**TASK DESCRIPTION:**
The reply should hold every record, copied exactly, and none of the pictures.

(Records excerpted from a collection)
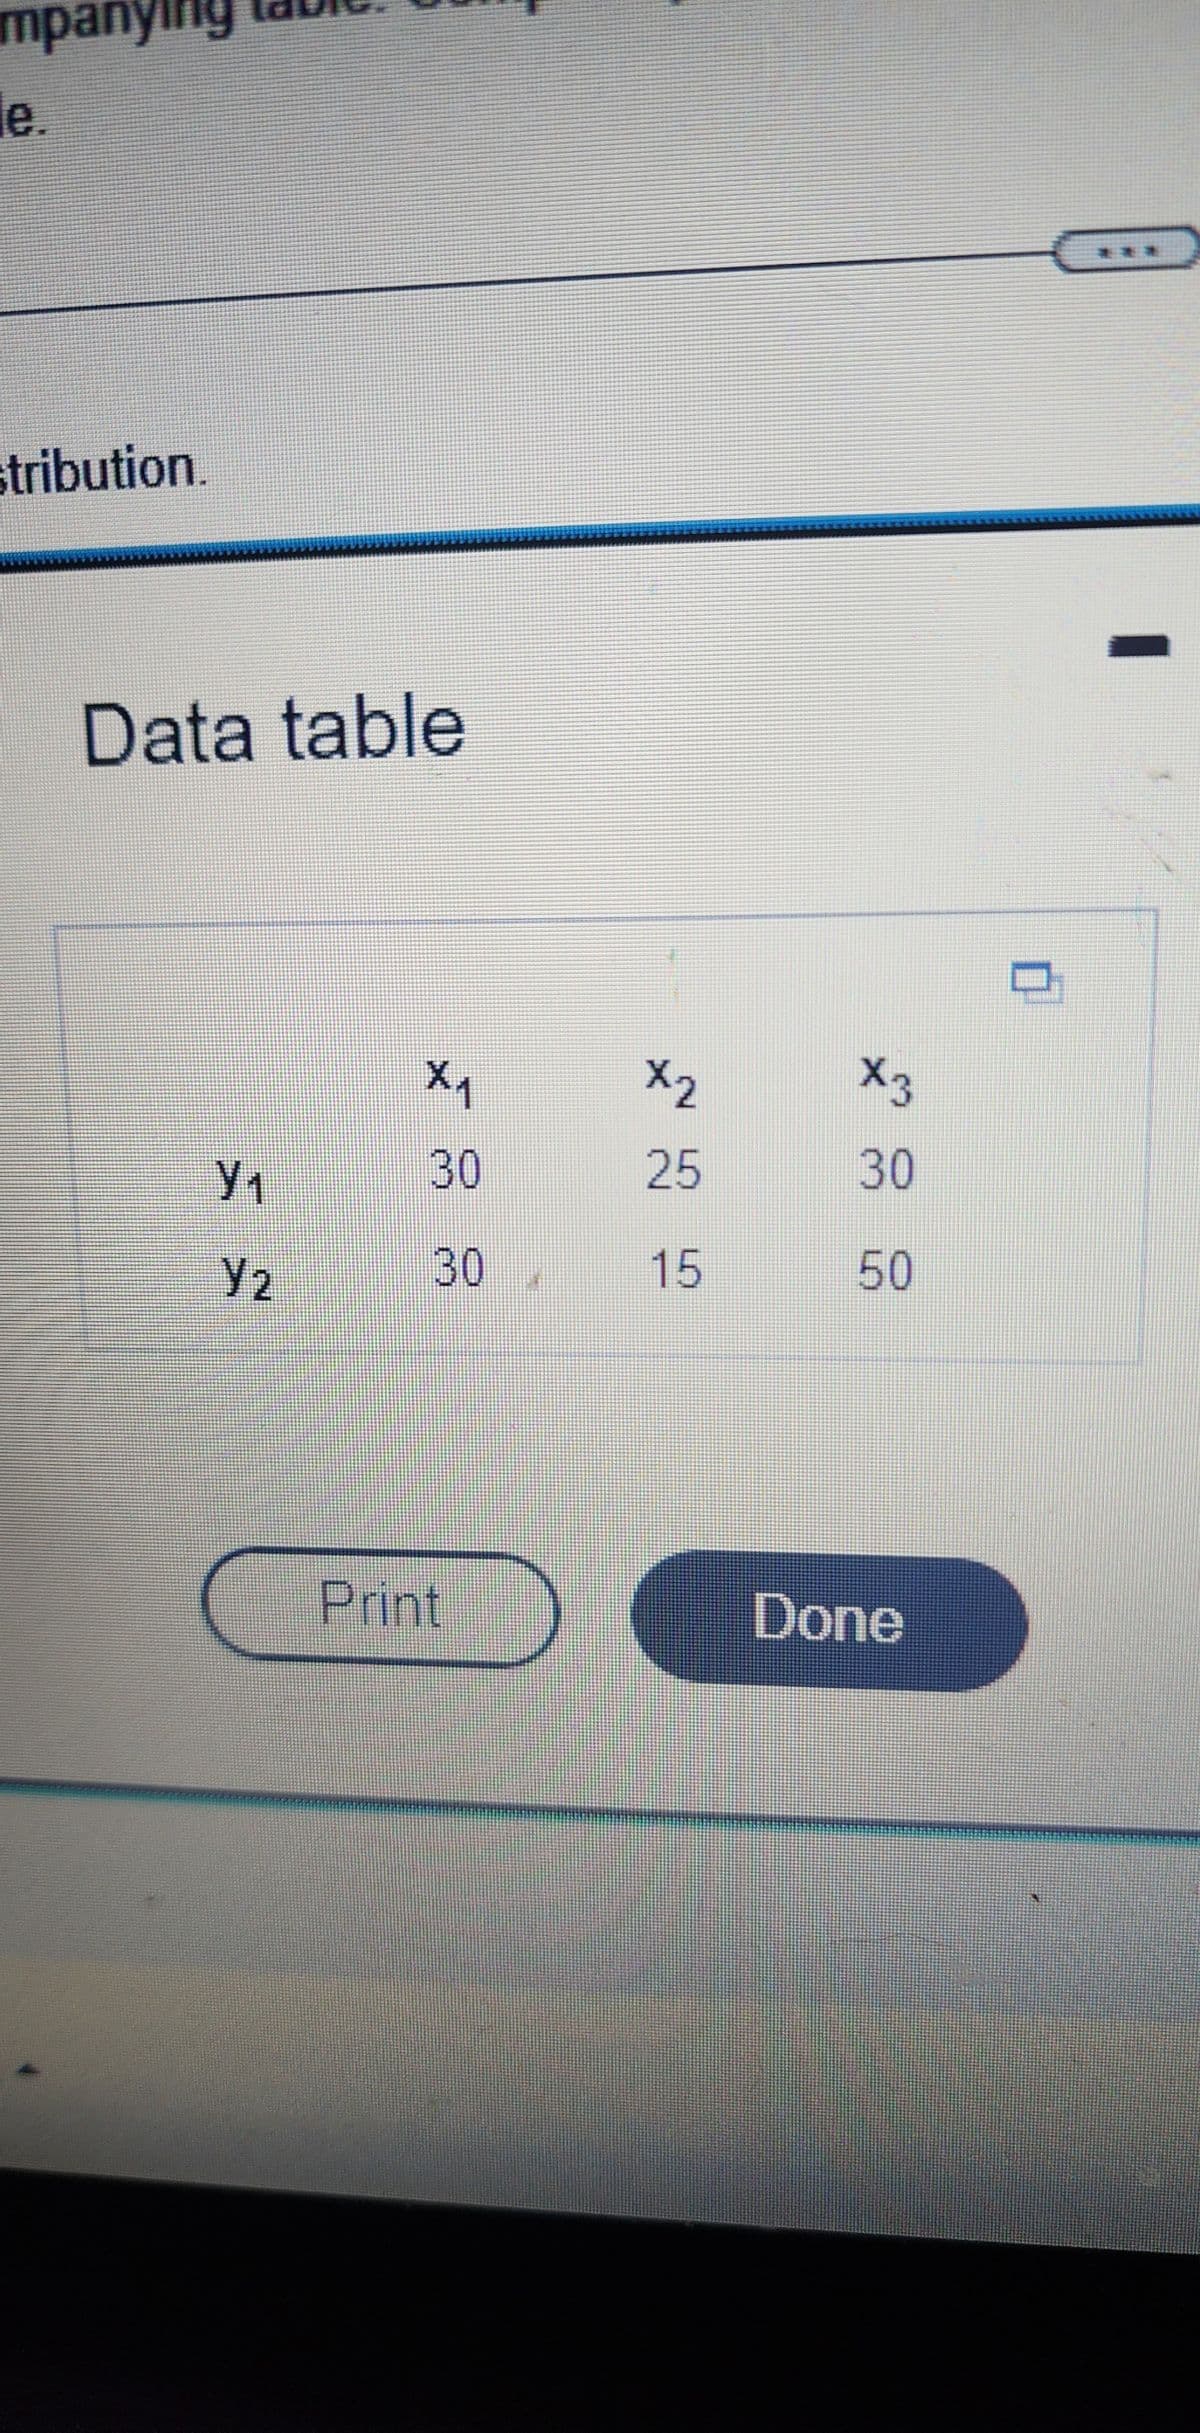 mpanying
le.
stribution.
Data table
Y₁
Y2
X₁
30
Print
X₂
25
15
X3
30
50
Done

**ANSWER BOX:**
 mpanying
le.
stribution.
Data table
Y₁
Y2
X₁
30
Print
X₂
25
15
X3
30
50
Done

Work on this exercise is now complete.